The SaveLoadModule block extends torch.nn.Module and adds save and load methods for storing and loading parameters as expected by the AlphaZero runner. Together with OracleMixin, this produces a TrainableOracle suitable for AlphaZero training.

The OracleMixin implements the core oracle functionality for computing expected payoff values and action probabilities.

The mixin requires the following components to be defined in the constructor:

torso: a neural network that performs the initial processing of the input data. Its output is passed to the other two networks.
policy_head: a neural network that computes the logits for the action probabilities (before the softmax operation).
value_head: a neural network that computes the expected payoff for the input state.

You must also call the base class constructor, passing the input shape (as a tuple of integers) and the output size (as an integer).

You can train an AlphaZero model using the custom network:

run_alpha_zero examples/tic_tac_toe_alpha_zero_custom_oracle.yaml --mode train

NOTE: You can also implement a hard-coded oracle that does not require training. In that case you only need to implement the basic Oracle protocol. Such an oracle can be used for evaluation together with policies that require an oracle (such as MCTSPolicy), but it is not sufficient for run_alpha_zero training because it is not a TrainableOracle. See the implementation of RandomRollout for an example of a non-trainable oracle.

What to do next?

Edit tic_tac_toe_alpha_zero.yaml to allow longer training and try playing against the trained model.
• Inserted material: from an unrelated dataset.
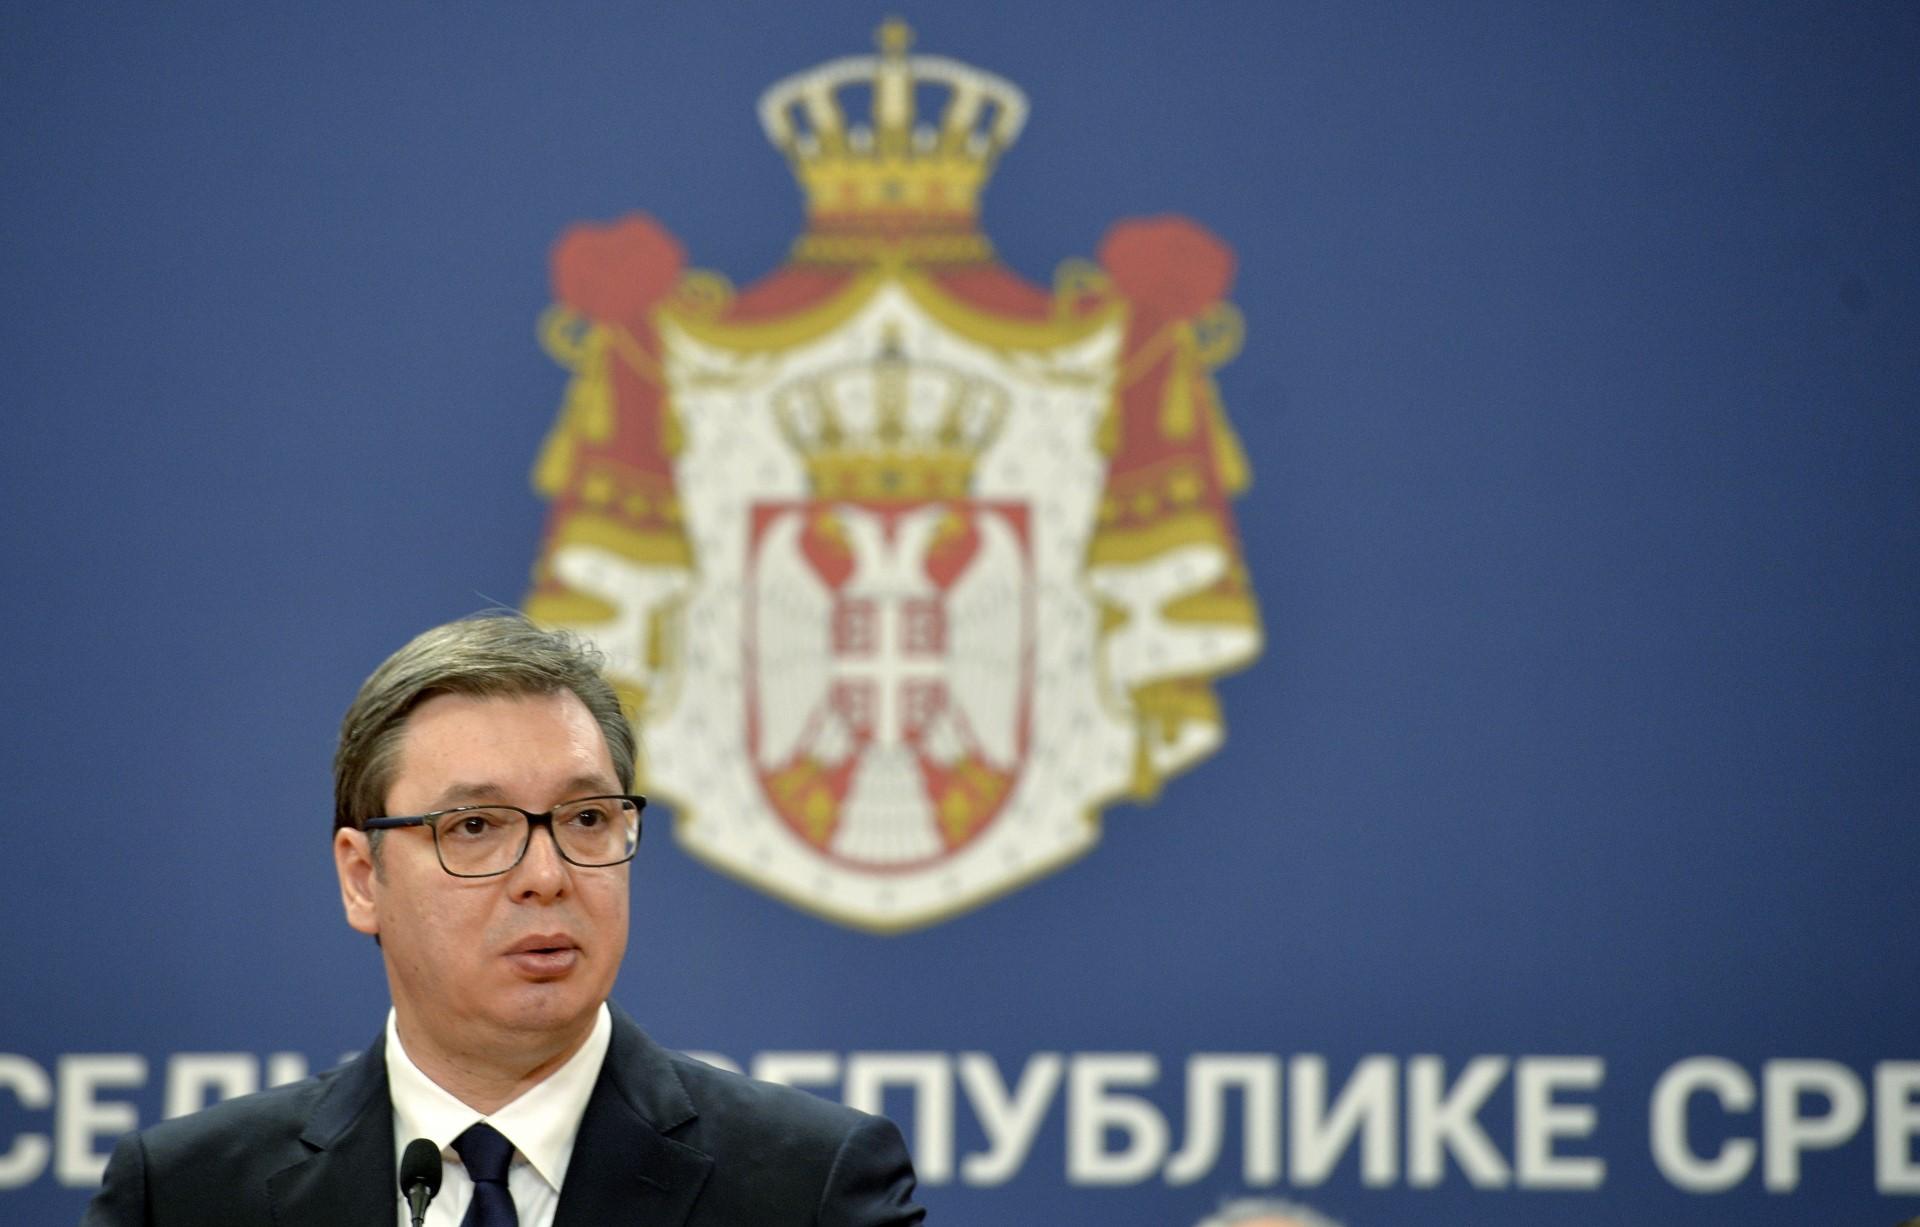 Predsednik Srbije Aleksandar Vucic objavio je vanredno stanje u Palati Srbija.
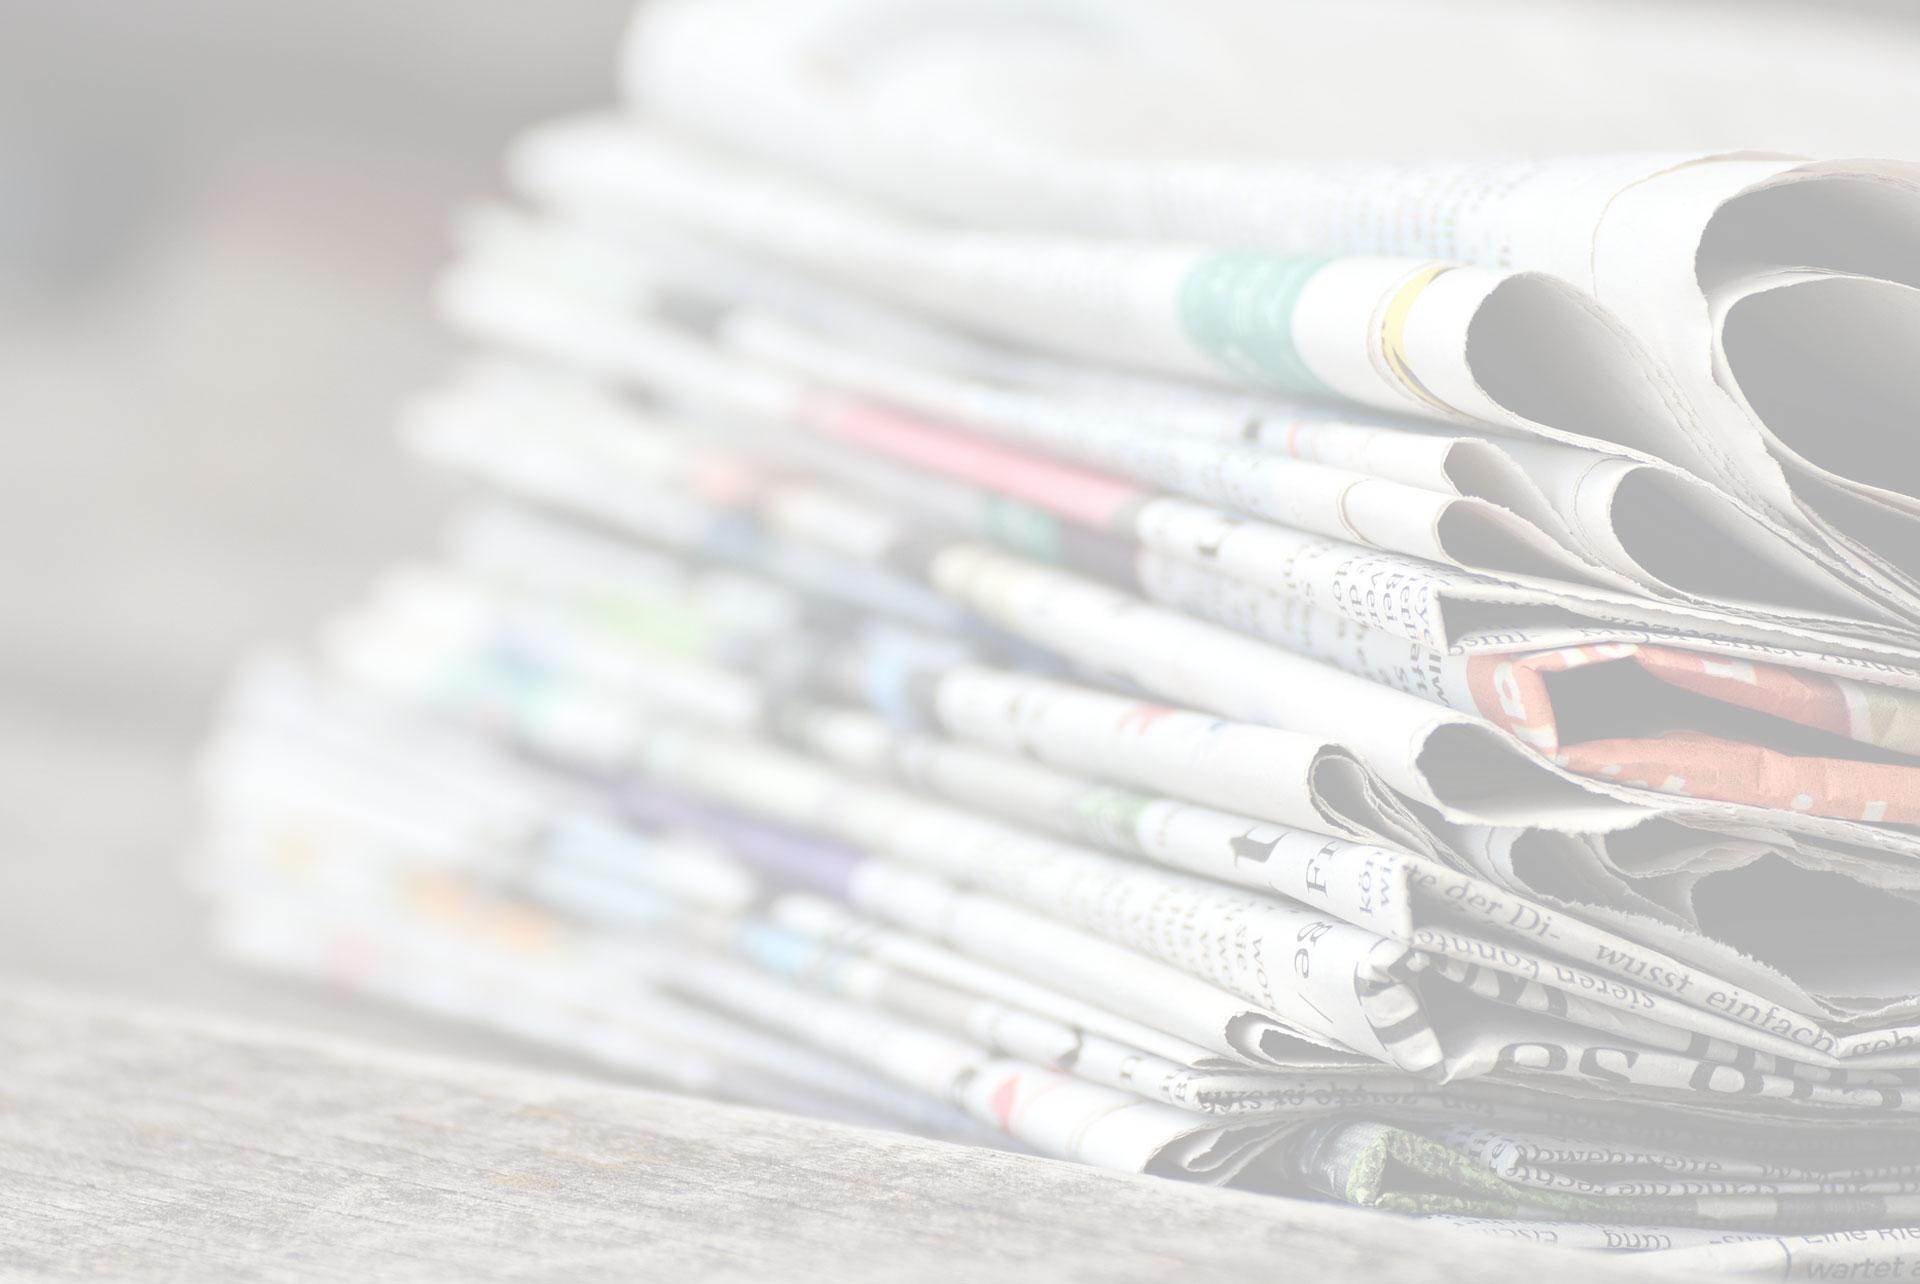 Parigi-Nizza

For example, you can modify the following parameters:

oracle. capacity. nn_width: set to 18 (to increase the model capacity to learn complex strategies)
collector. number_of_processes: set to 4 (to speed-up data collection)
collector. mcts. number_of_simulations: set to 225 (to obtain better move evaluations)
collector. number_of_episodes: set to 100 (to simulate more games for each training epoch)
collector. max_buffer_length: set to 10000 (to use more training examples at once during training)
trainer. max_training_epochs: set to 100 (to ensure the model is trained enough for each batch of training examples)
number_of_epochs: set to 20 (to train the model for longer)

After applying the changes described above, the following results were obtained in my tests:

InMemory strategy: After 16 minutes of training, the model achieved
- an average payoff of 0.92, with a 87% win rate and a 5% loss rate against the random policy;
- an average payoff of 0.36, with a 72% draw rate and a 28% loss rate against the optimal AlphaBetaPolicy.
HDF5 strategy: After 8 minutes of training, the model achieved
- an average payoff of 0.85, with a 81% win rate and a 11% loss rate against the random policy;
- an average payoff of 0.31, with a 62% draw rate and a 38% loss rate against the optimal AlphaBetaPolicy.